The Lea Valley walk runs from the source of the River Lea at Leagrave, just North of Luton, down to the Thames at Limehouse Basin, a total of about 50 miles. I walked this stage on the 26th September 05.
I took the train to Leagrave Station from where it is only a short walk to Leagrave common and the springs that form the start of the river Lea and the Lea Valley walk. There are a number of springs, photo 1, and ponds in the area from which the river Lea flows, photo 2, as it starts it journey to the Thames.
The first part of the walk is through the suburbs of Luton, although for much of the route the path manages to avoid roads, following a thin strip of open space that runs between the houses either side of the river, photo 3. For a short while on this section the Lea Valley path shares its route with the Icknield Way.

Wardown Park
St Mary's Church, Luton
Lea Valley walk signpost

Although not always clearly marked on the ground this part of the Lea valley path was relatively easy to follow. After passing through Wardown park, photo 4, the path joins the main A6 road into the centre of Luton.The path makes its way through the town centre, goes past St Mary's church, photo 5, and then heads out in a loop towards the runways of the Luton Airport. Despite the odd marker placed in the pavement the route was a bit harder to follow at this point and I was glad I had brought a copy of the explorer 193 map in the town centre.
Once the busy A505 is crossed a steep flight of steps leads up to the end of the airport runways and open countryside, photo 7, as the path makes its way through the Lea Valley towards Harpenden. This makes a pleasant change from the first part of the walk which had mainly been on tarmac.

Countryside nr Luton
Arch under Railway nr Luton
La Valley Walk nr Harpenden

The path descends back down into the Lea Valley, passes under the railway lines, photo 8, before crossing the B653. Much of the route towards Harpenden seemed to follow the route of an old railway line, photo 9, which was once the Luton, Dunstable and Welwyn junction line. This generally made for easy walking although there was quite a long stretch where the path was squeezed besides the high fence of a sewage works, which felt a bit enclosed, and there were often trees besides the path which restricted the views.

Upper Lea Valley through walk signpost
Farm animals
Farmland nr Wheathampstead

In Harpenden I deviated off the path for a while which I didn't realise till I was on the disued railway line heading out of the town and met up with the path again coming in from a different direction. From Harpenden it is a short walk to the village of Wheathampstead. About half way to Wheathampstead the Lea Valley path leaves the disused railway line and heads uphill across farmland into Wheathampstead, photo 12. Here the path heads down through the village, past the church, photo 13, and crosses over to the other bank of the river Lea.

Church, Wheathampstead
River Lea, Wheathampstead
Lea Valley Path Nr Waterend

The path, then follows the river towards Waterend and the grounds of Brocket Hall where the path heads across the middle of a large golf course.

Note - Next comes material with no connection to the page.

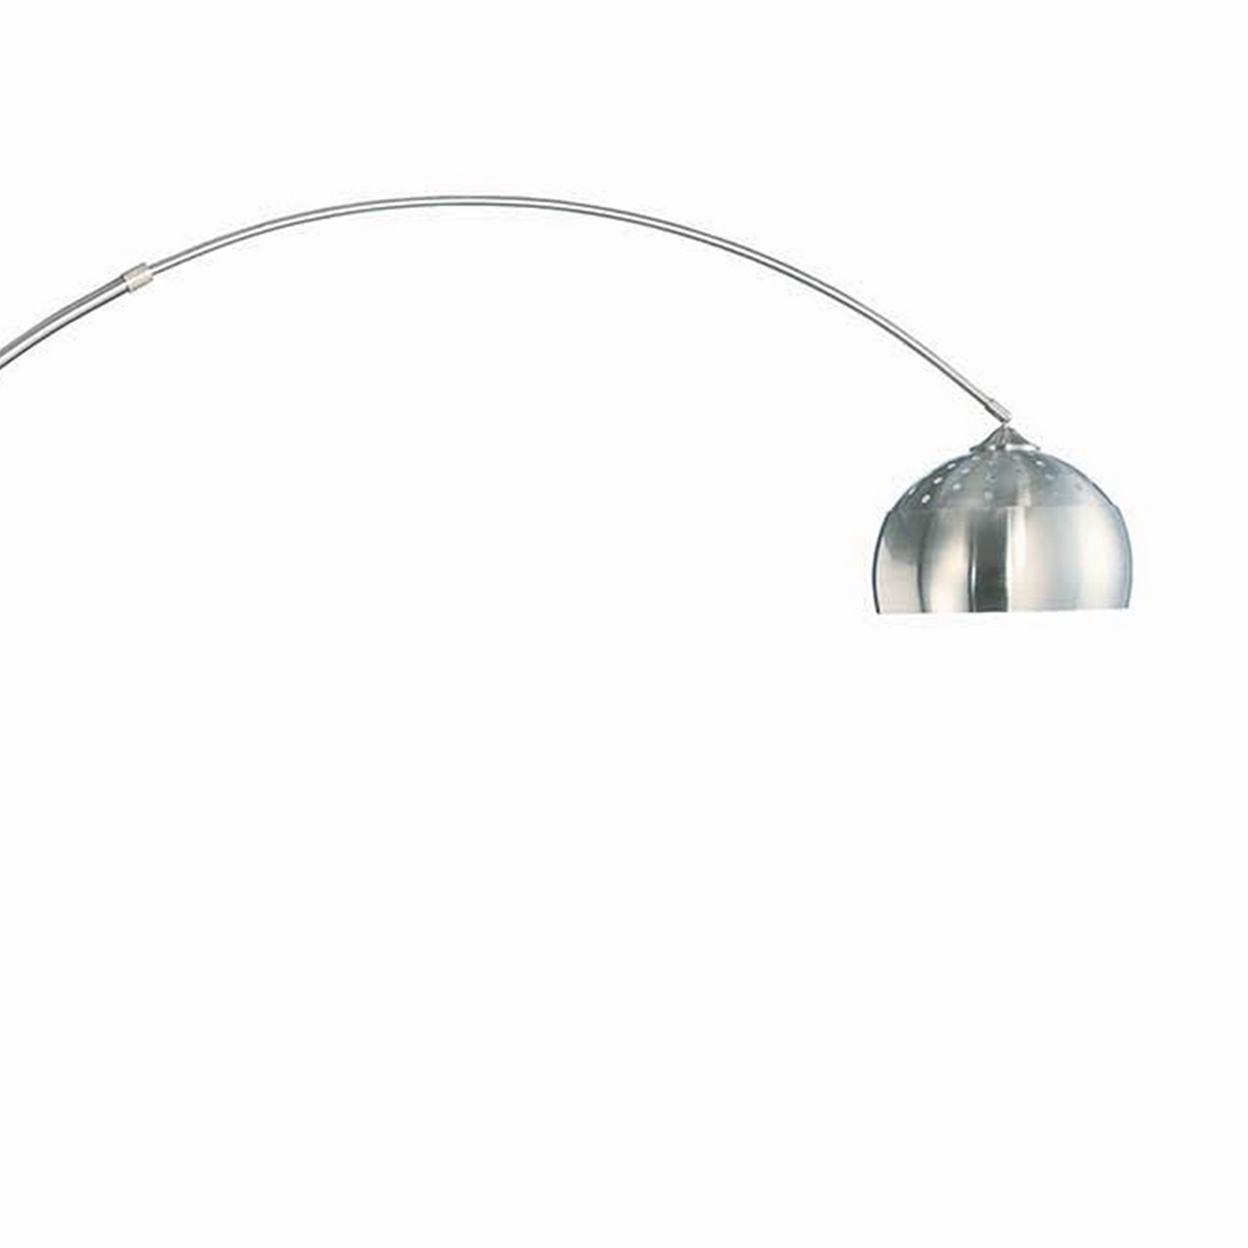 85 Inch Floor Lamp With Arched Body, Binary Switch, Marble Base, Silver- Saltoro Sherpi

By this time I was starting to fell a bit tired. I had originally intended to walk to Hertford but I realised this was going to be too far and decided to end my journey at Hatfield instead. From Brocket Hall the path heads towards Lemsford and under the A1(M), photo 18, to Stanborough Park with its big boating lakes. This involved going under a very shallow bridge and for once I was glad I was not any taller! I also noticed that the path, which can just be made out to the left of the bridge, was only just above the water level. I think in times of rain the path under the bridge might not be readily passable. From Stanborough Park it was a short walk to the A1000. As it crossed the A414 the Lea valley path headed of to the left but I continued ahead up the road to Hatfield station and the end of the wak.

Footpath markers
Brocket Hall Golf Course
Path under the A1

The GPS made this walk, including the short diversions I made, 19.9 miles long.